The taxation of digitalised businesses continues to be a hot topic for the OECD and jurisdictions such as the UK. The perceived problem is that large, global, highly digitalised businesses are paying less tax than they should, and market jurisdictions e.g. where a high volume of sales take place or value is otherwise generated through 'users' do not get their slice of the tax pie.
Whilst discussions are ongoing at OECD level, a number of countries, including the UK, are looking to introduce an 'interim' digital services tax (DST). The UK's DST is a 2% tax chargeable on the gross revenues of large digital services businesses which are attributable to an "in-scope activity" and are linked to UK users. It will apply to revenues earned on or after 1 April 2020.
At OECD level, a 'programme of work' was endorsed by the G20 in June 2019 which promised to look further at the two "pillars" underpinning a proposed long-term solution which is ambitiously targeted to be agreed by the end of 2020. This was followed up with public consultations on the two pillars in Autumn 2019 which included further details of the proposals.
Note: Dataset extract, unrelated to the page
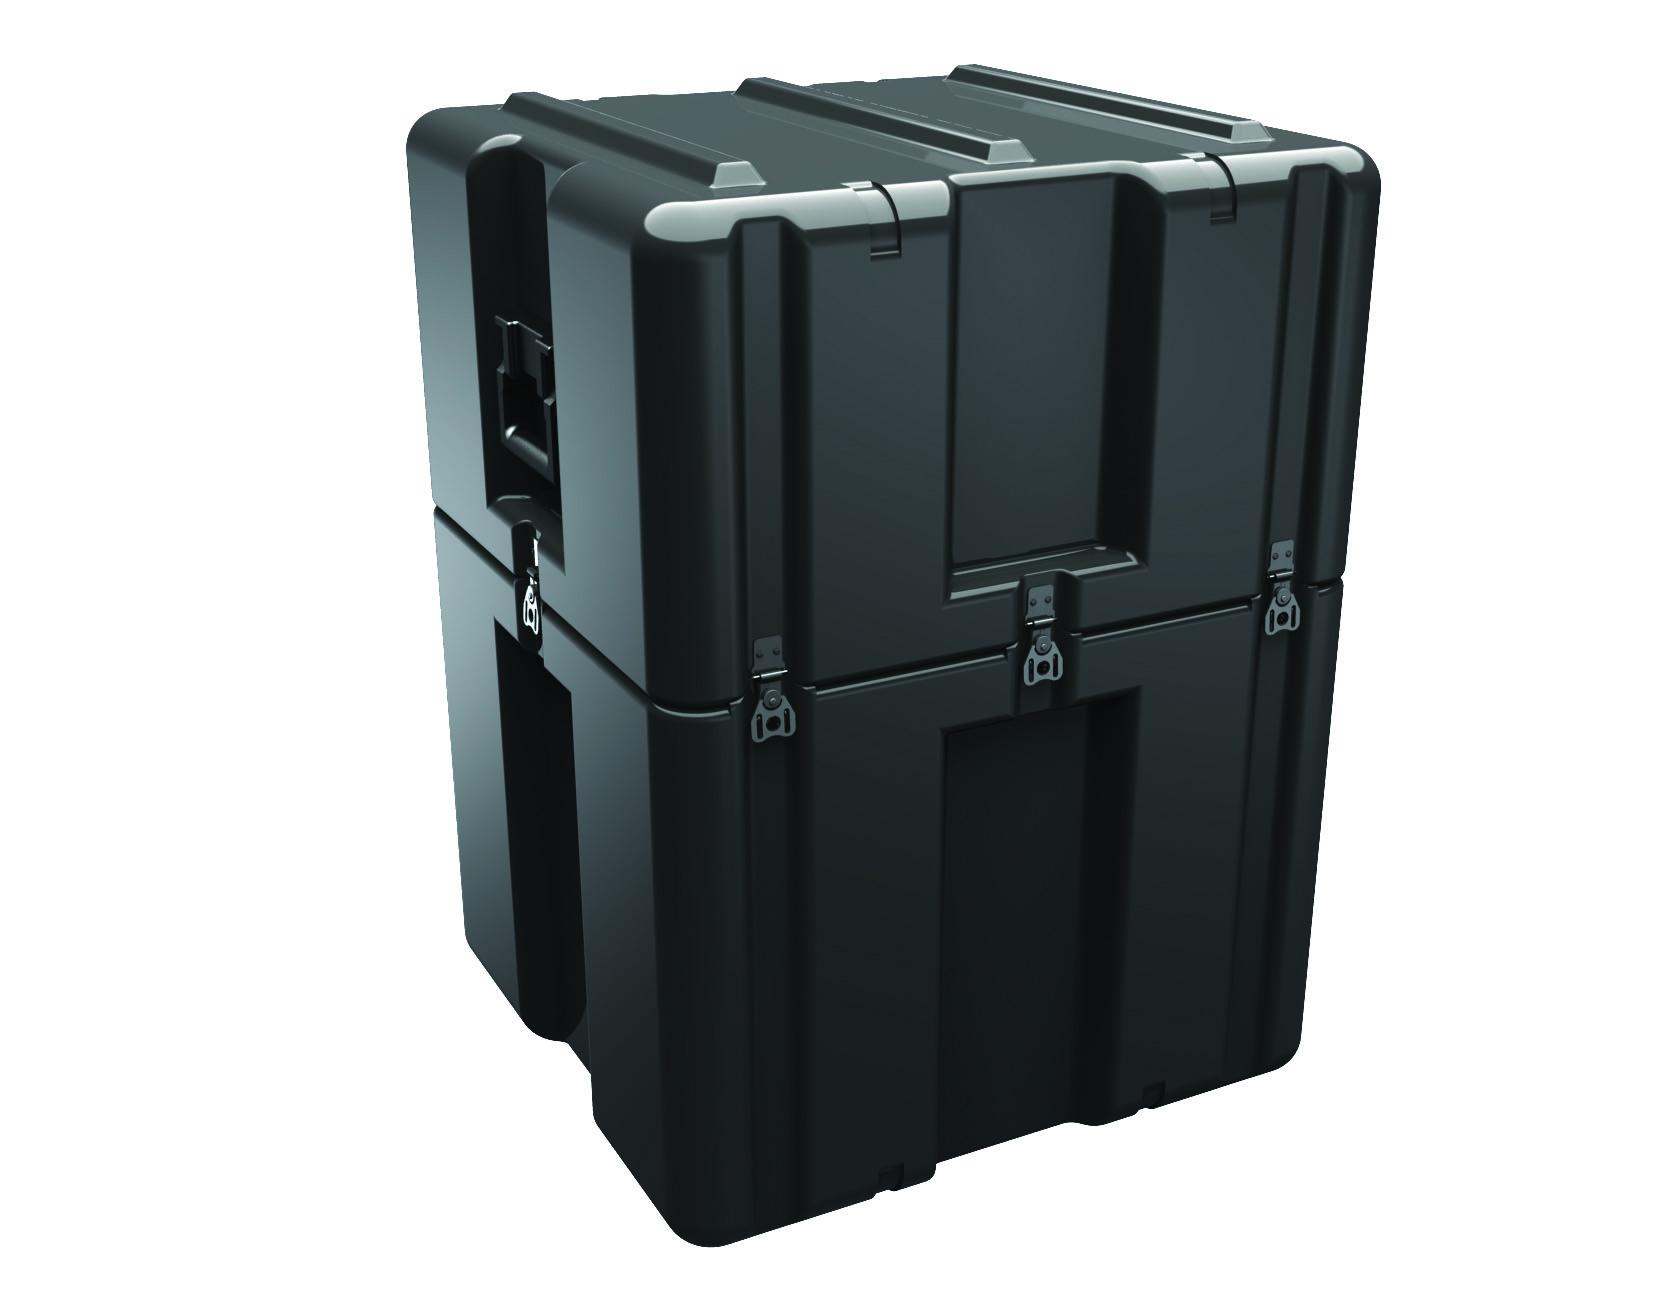 AL2221-1814 - AL2221-1814 Pelican Hardigg Shipping Storage Cases

Pillar 1 looks at when a taxable presence could be created in a market jurisdiction where there would not otherwise be one e.g. because there is no physical presence in that jurisdiction (a "digital PE") together with the allocation of taxing rights to market jurisdictions and the interaction with existing transfer pricing rules.
Pillar 2 is concerned with having an overall minimum level of taxation for large digital businesses that operate globally. This minimum tax could be achieved in a number of ways including allowing jurisdictions to tax 'undertaxed' amounts and/or imposing withholding taxes on payments that would otherwise be 'undertaxed'. However, the thinking around this pillar is less developed than under pillar 1.
What is a digital business?
The UK's DST targets certain types of business activity, being social media platforms (including dating websites), search engines and online marketplaces. Revenues derived from these activities will be taxed in the UK if (i) the global business has more than £500 million of global revenue from the activities and (ii) more than £25 million of that revenue is linked to the UK i.e. generated as a result of 'UK users'. There will be a safe harbour election if the group has low UK profit margins allowing an alternative method to calculate the tax due.
However, the OECD is taking a much wider approach, with a broader focus that includes consumer-facing businesses e.g. "businesses that generate revenue from supplying consumer products or providing digital services that have a consumer-facing element". This could catch large retailers and other businesses that operate digitally from remote locations. Certain carve outs are expected to be introduced e.g. for extractive industries and possibly financial services (which the consultation says will be considered further). An overall global revenue threshold e.g. of €750million that would prevent smaller businesses being caught by the new rules will also be considered.
How will profits be allocated?
The proposal under Pillar 1 suggests three possible amounts that could be allocated to market jurisdictions which go further than amounts currently allocated under the arm's length principle.
Amount A – there will be a new taxing right for those jurisdictions in which a 'digital PE' is created. Whether or not a digital PE is created will be largely based on sales; there will be country-specific sales thresholds to make it fairer for jurisdictions with smaller economies. A proportion of deemed residual profit (i.e. after the allocation of deemed routine profit) would be allocated to the digital PEs using a formula based on sales.
Amount B – the arm's length principle currently used to allocate profits to certain functions such as distribution functions that comprise the 'baseline activity' in a market jurisdiction may be replaced with fixed remunerations for these functions. This could result in more being allocated to a market jurisdiction in respect of these functions.
Amount C – a market jurisdiction may seek to tax additional profits if extra functions (above the baseline activity taxed under Amount B) are carried out in its jurisdiction. This would be subject to a binding dispute prevention and resolution mechanism (which is being considered further by the OECD).
The US-shaped spanner in the works
The US has been consistently critical of digital services taxes and threatened to impose tariffs of up to 100% on wine and handbags in response to France's implementation of a 3% DST in July last year. The UK government has so far remained committed to introducing its new DST but in a climate of negotiating trade deals with the US this is one to keep an eye on.
More generally, in early December the US sent a letter to the OECD expressing "serious concerns regarding potential mandatory departures from arm's length transfer pricing and taxable nexus standards – longstanding pillars of the international tax system upon which US taxpayers rely". The proposed solution was to introduce a 'safe harbour' effectively allowing US companies to opt-out of the proposals. The OECD response to the letter noted that the safe harbour suggestion had not been mentioned previously, and that its suggestion could make it harder for a consensus to be reached in 2020.
The US went on to say that it broadly supports Pillar 2, provided it aligns with similar US rules.